[WORK TO BE COMPLETED]
Pictures are to be omitted, and every entry below is to be restated exactly.

***** EXERCISE INPUTS *****

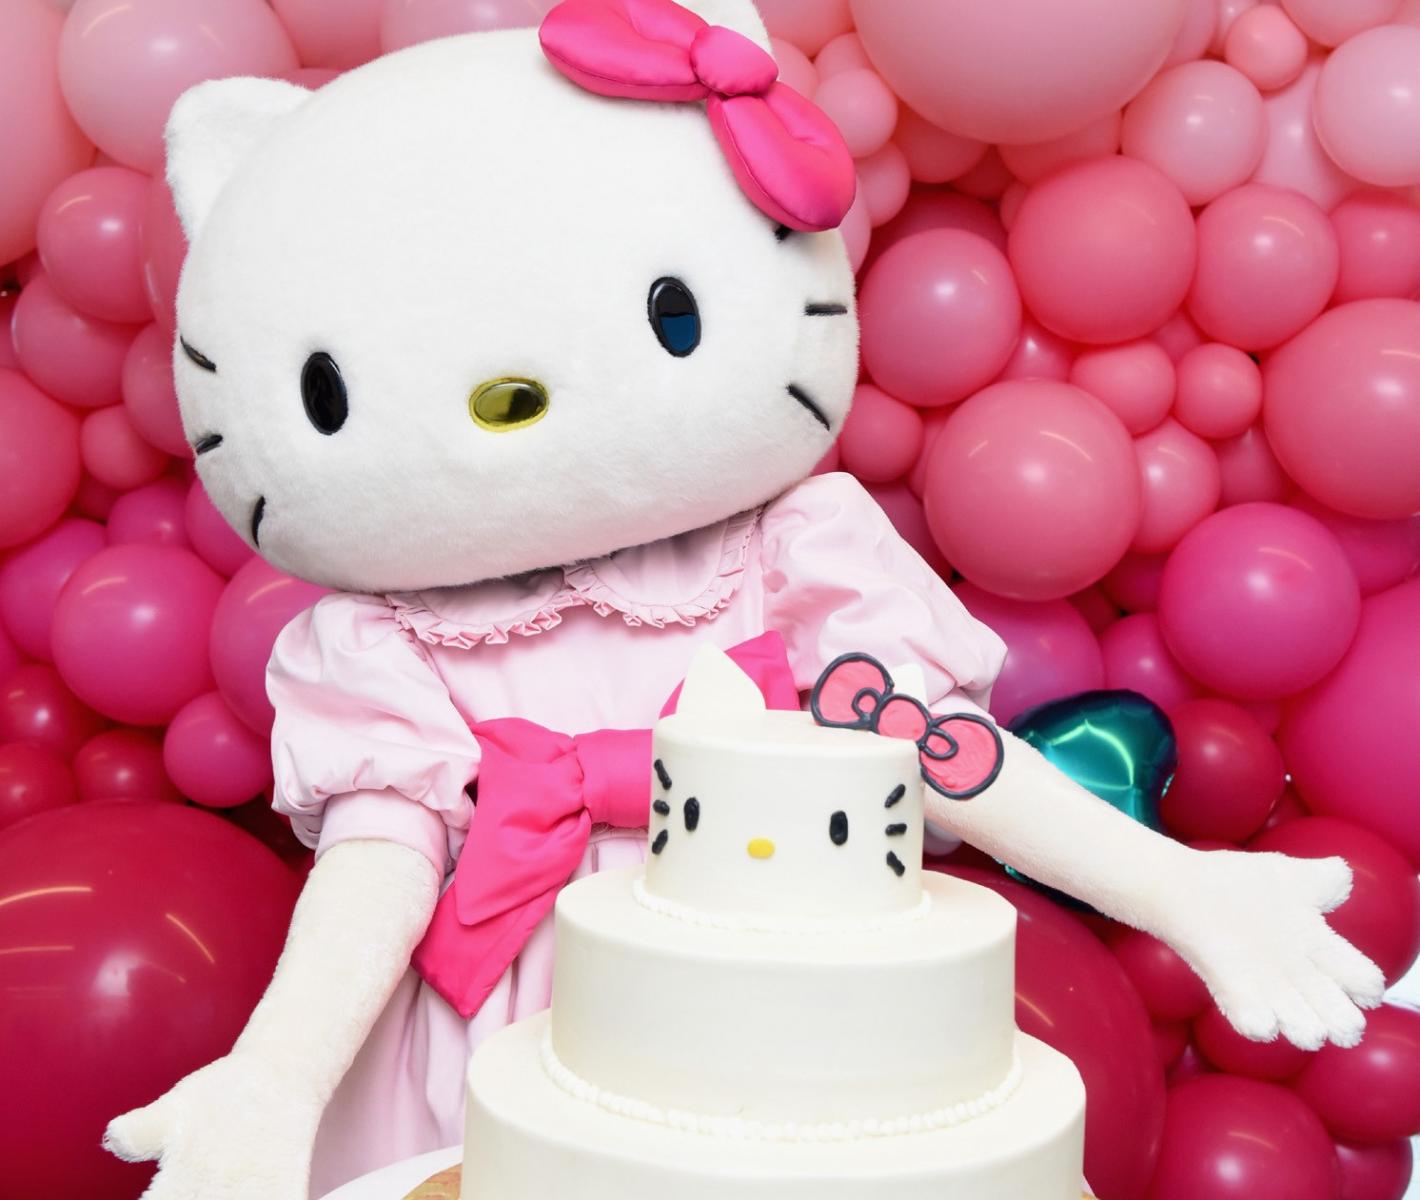 large.1659675170_proactiv_x_hello_kitty_launch_event_-_happy_birthday_to_you121518.jpg
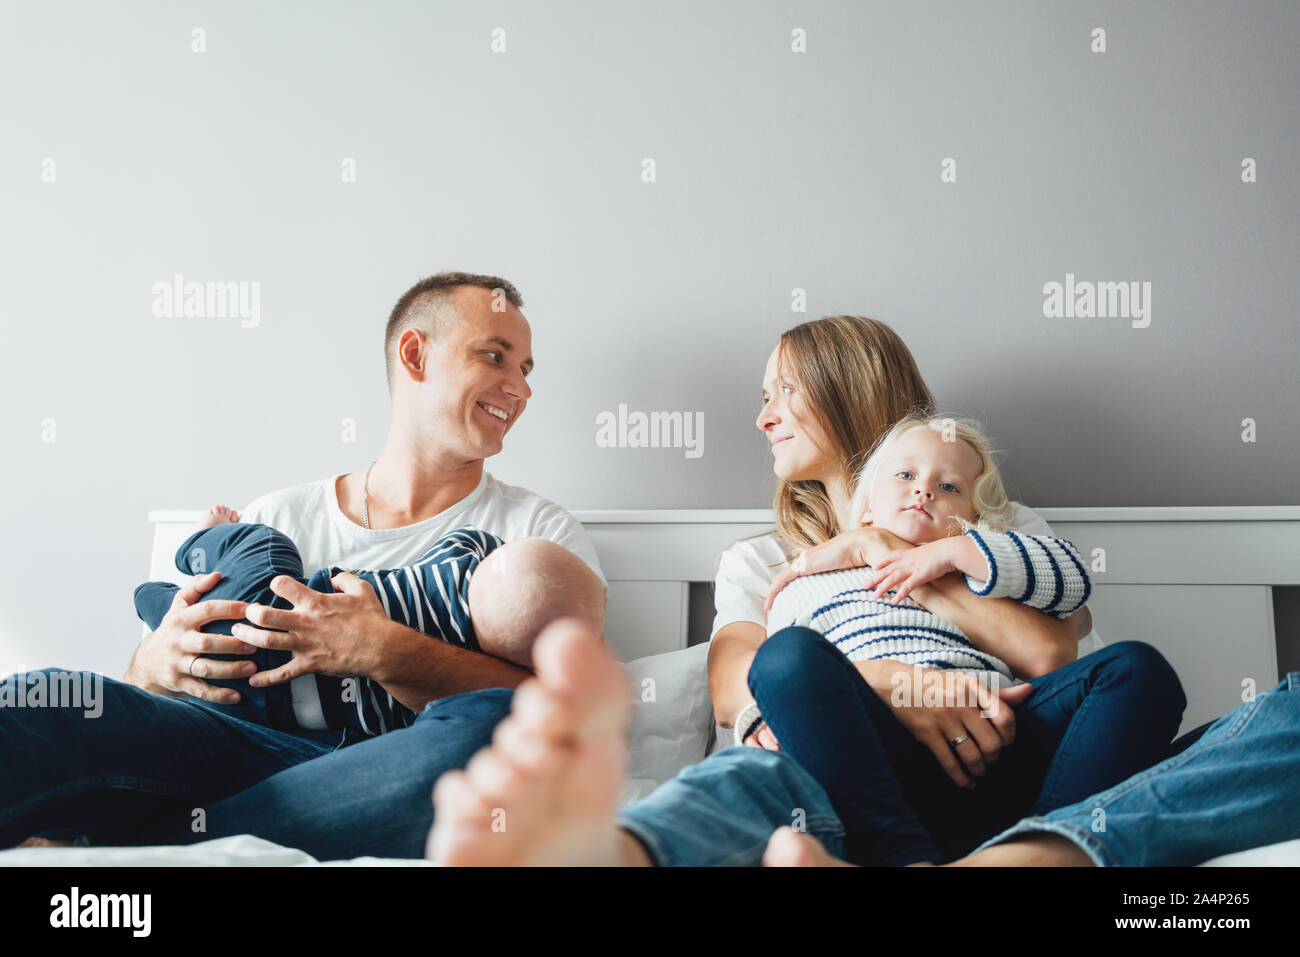 Happy family with two child have fun at home. Parents sit with their children on the bed and play with them Stock Photo
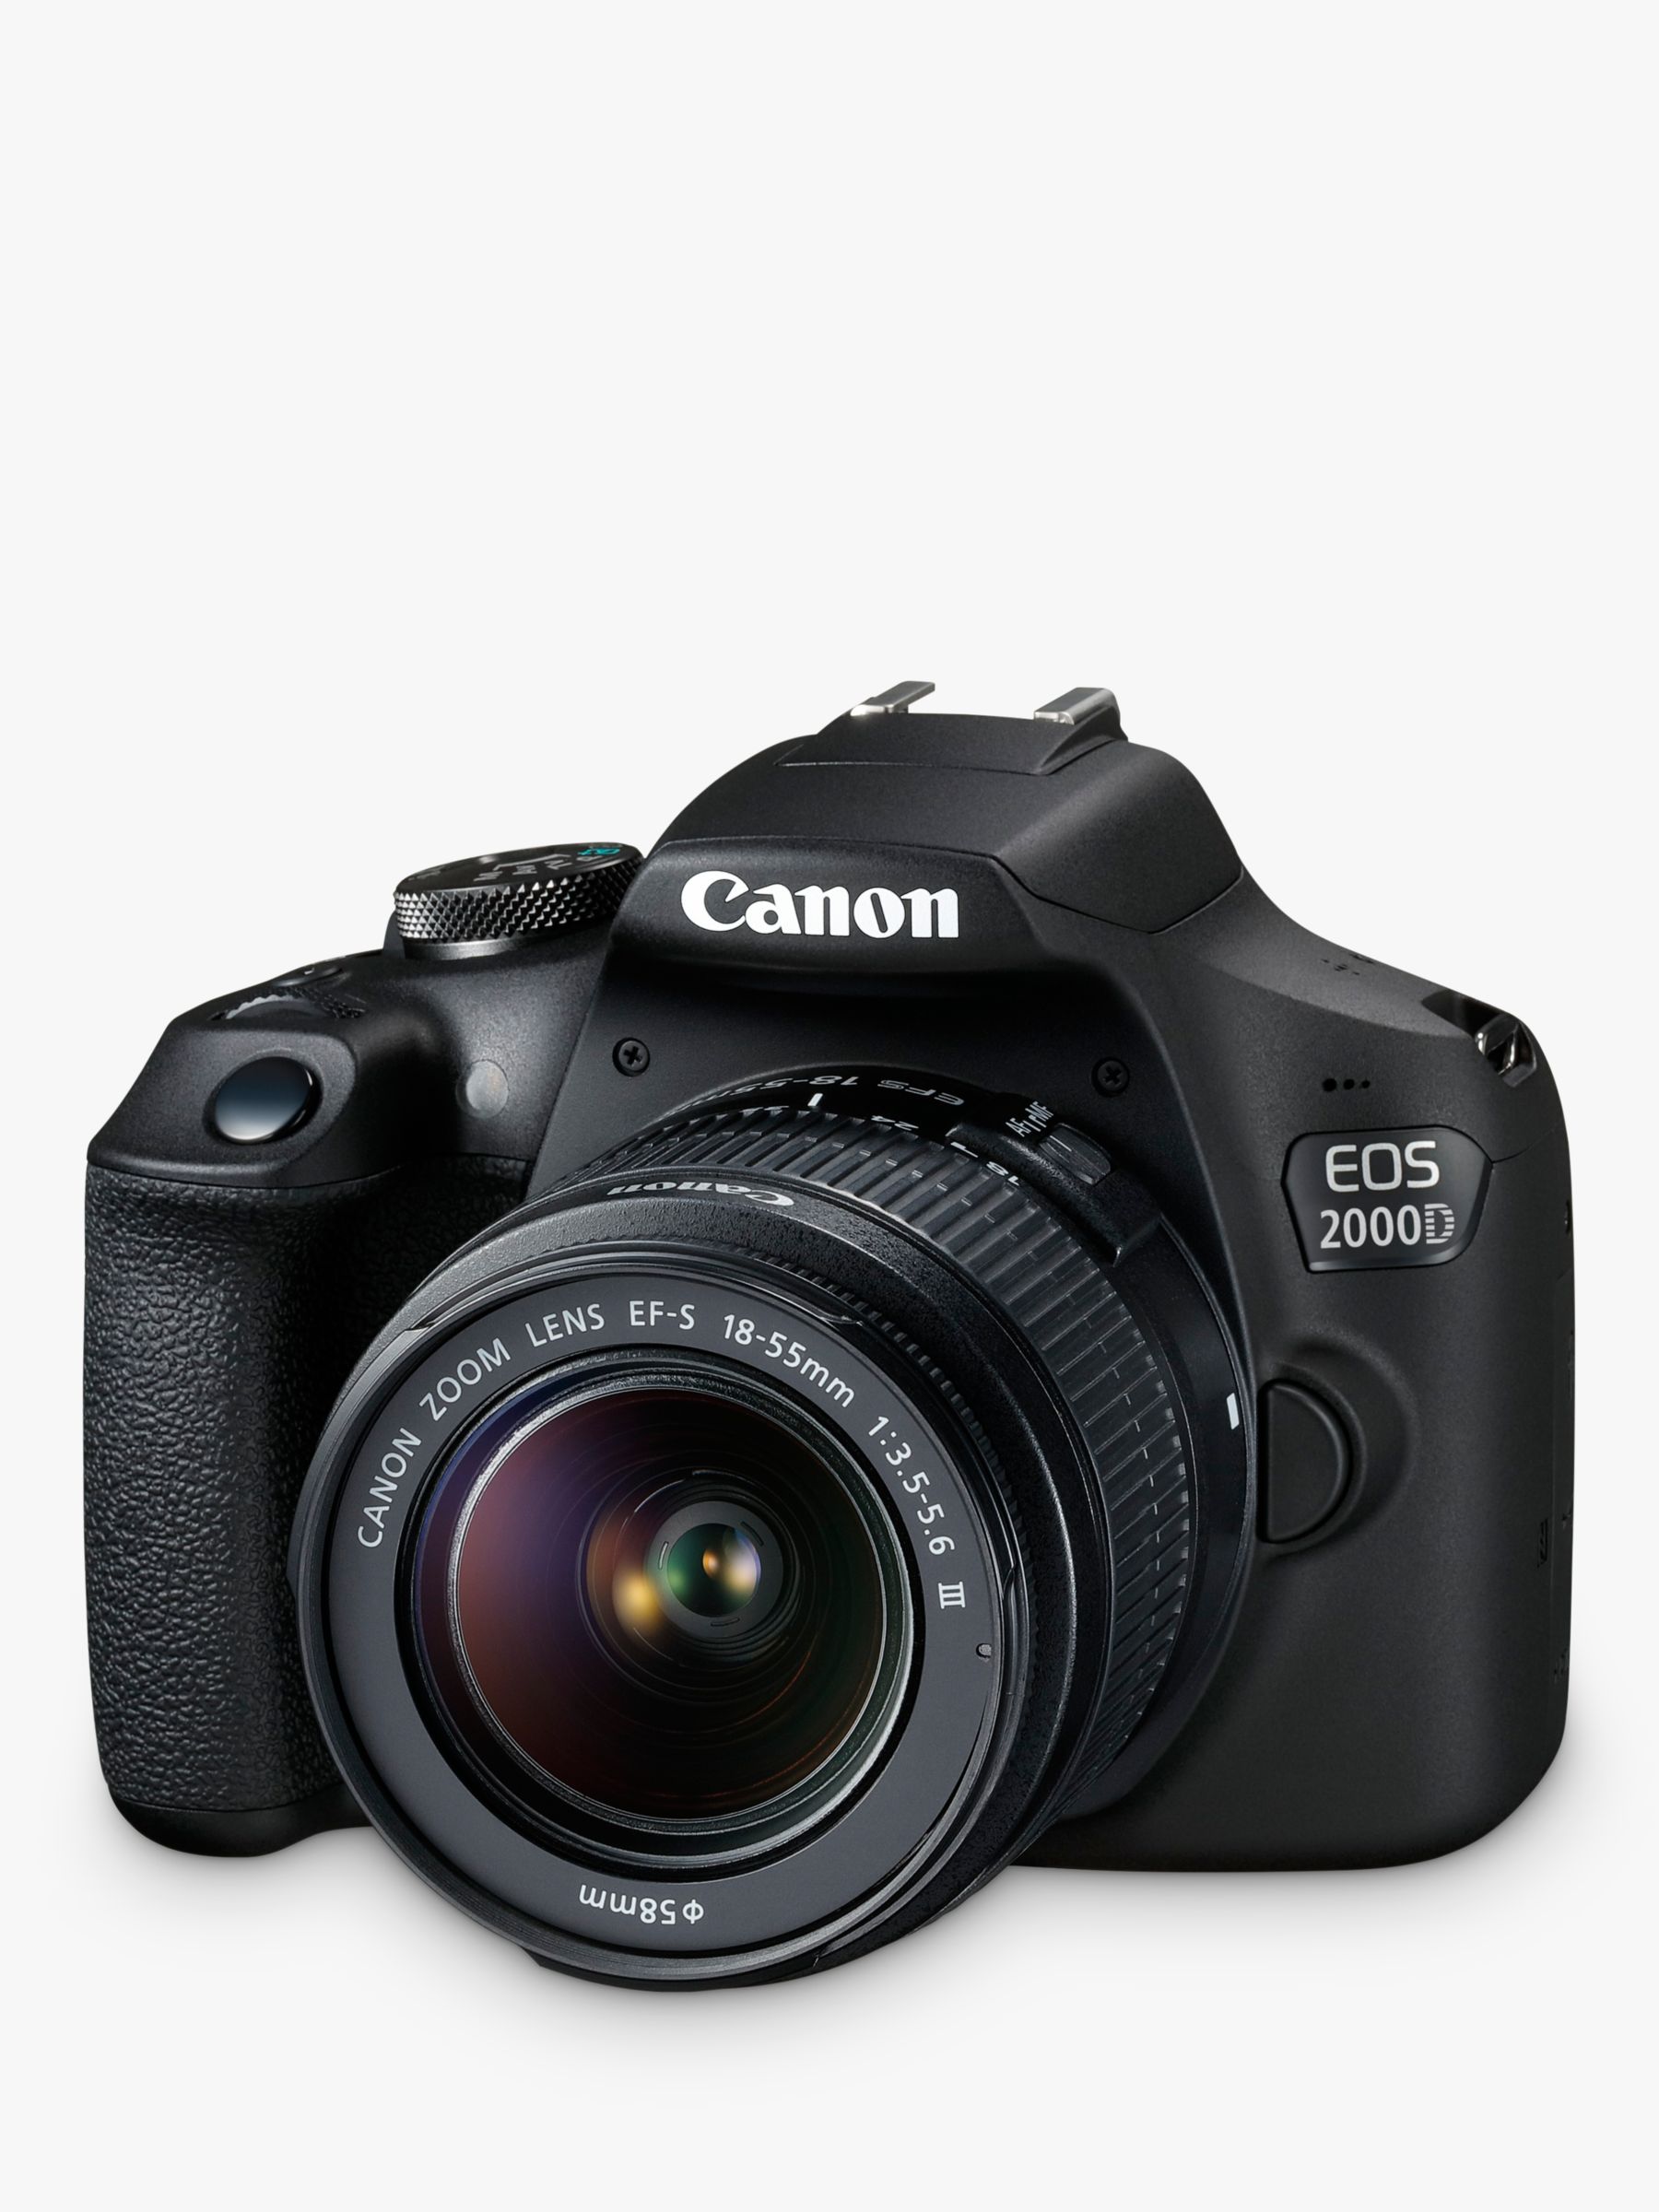 Canon EOS 2000D review: Is this the sub-£500 DSLR you're looking for?
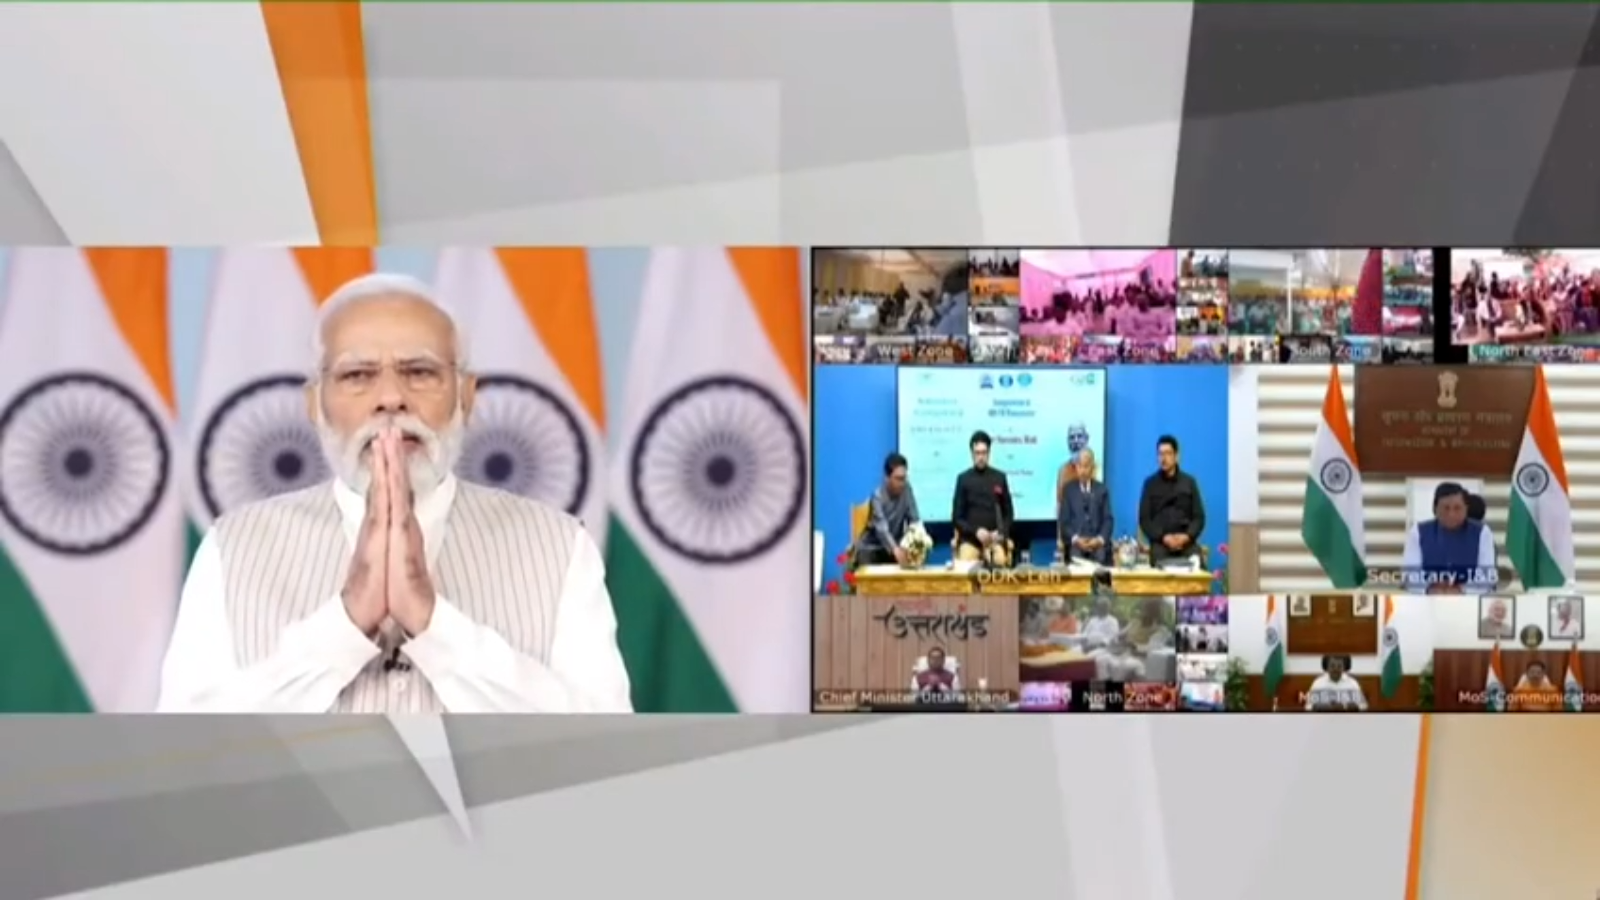 PM Modi inaugurates 91 FM transmitters including 10 in Gujarat covering tribal belt of the state
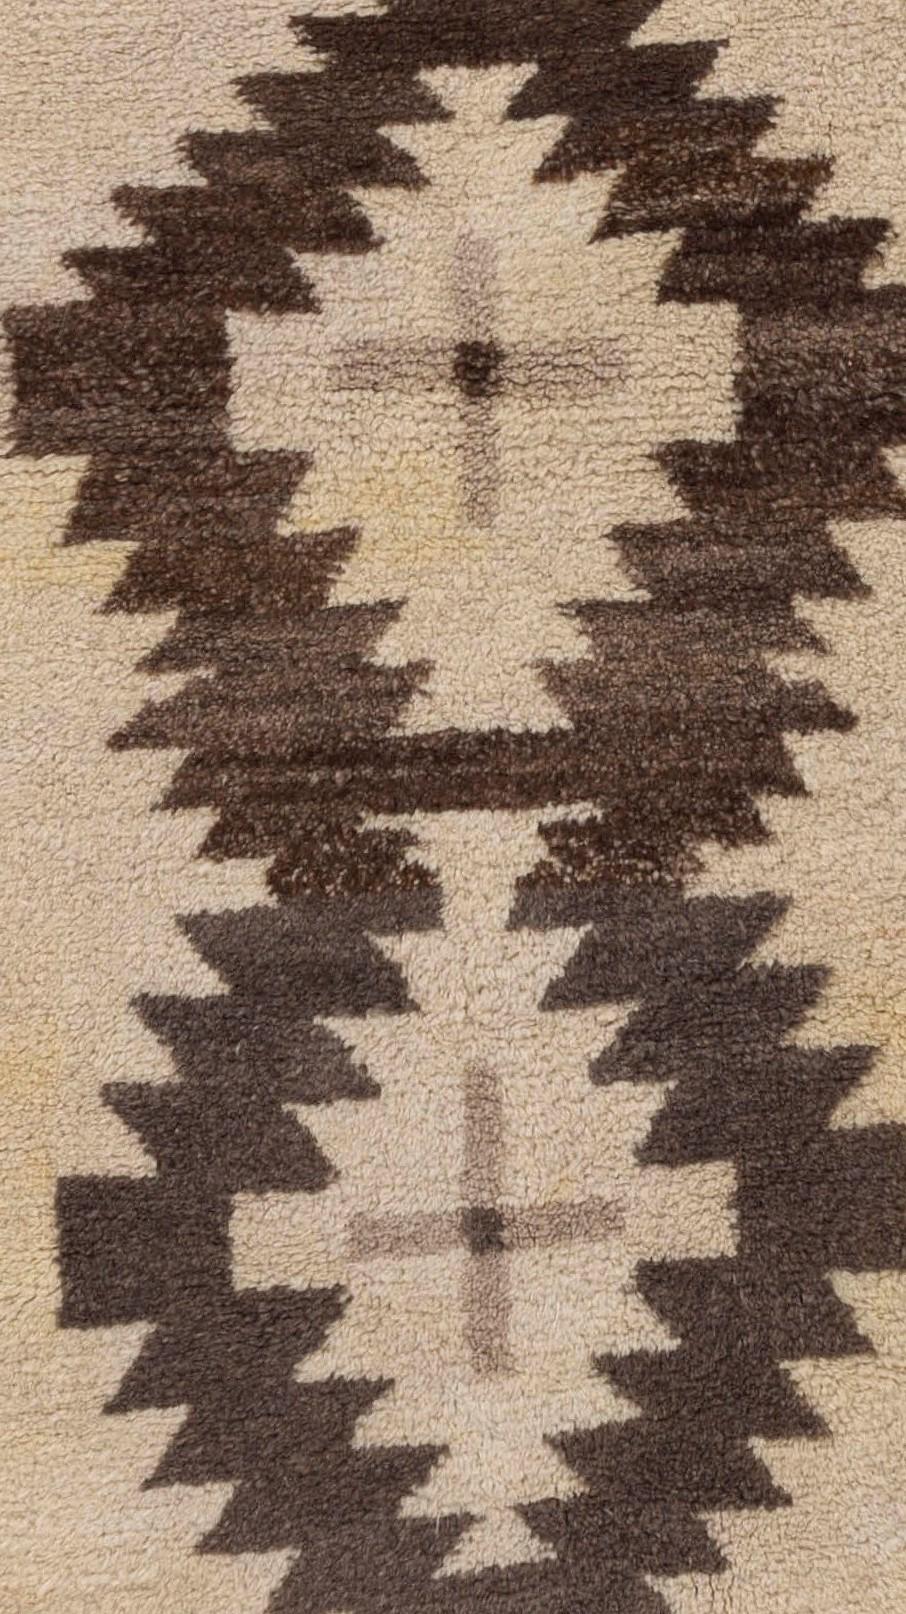 Hand-Knotted 2.7x7.3 ft Vintage Tulu Runner Rug. 100% Natural Wool. Custom Options Available For Sale

*****

[WRITTEN RESPONSE]
 large.1659675170_proactiv_x_hello_kitty_launch_event_-_happy_birthday_to_you121518.jpg
 Happy family with two child have fun at home. Parents sit with their children on the bed and play with them Stock Photo
 Canon EOS 2000D review: Is this the sub-£500 DSLR you're looking for?
 PM Modi inaugurates 91 FM transmitters including 10 in Gujarat covering tribal belt of the state
 Hand-Knotted 2.7x7.3 ft Vintage Tulu Runner Rug. 100% Natural Wool. Custom Options Available For Sale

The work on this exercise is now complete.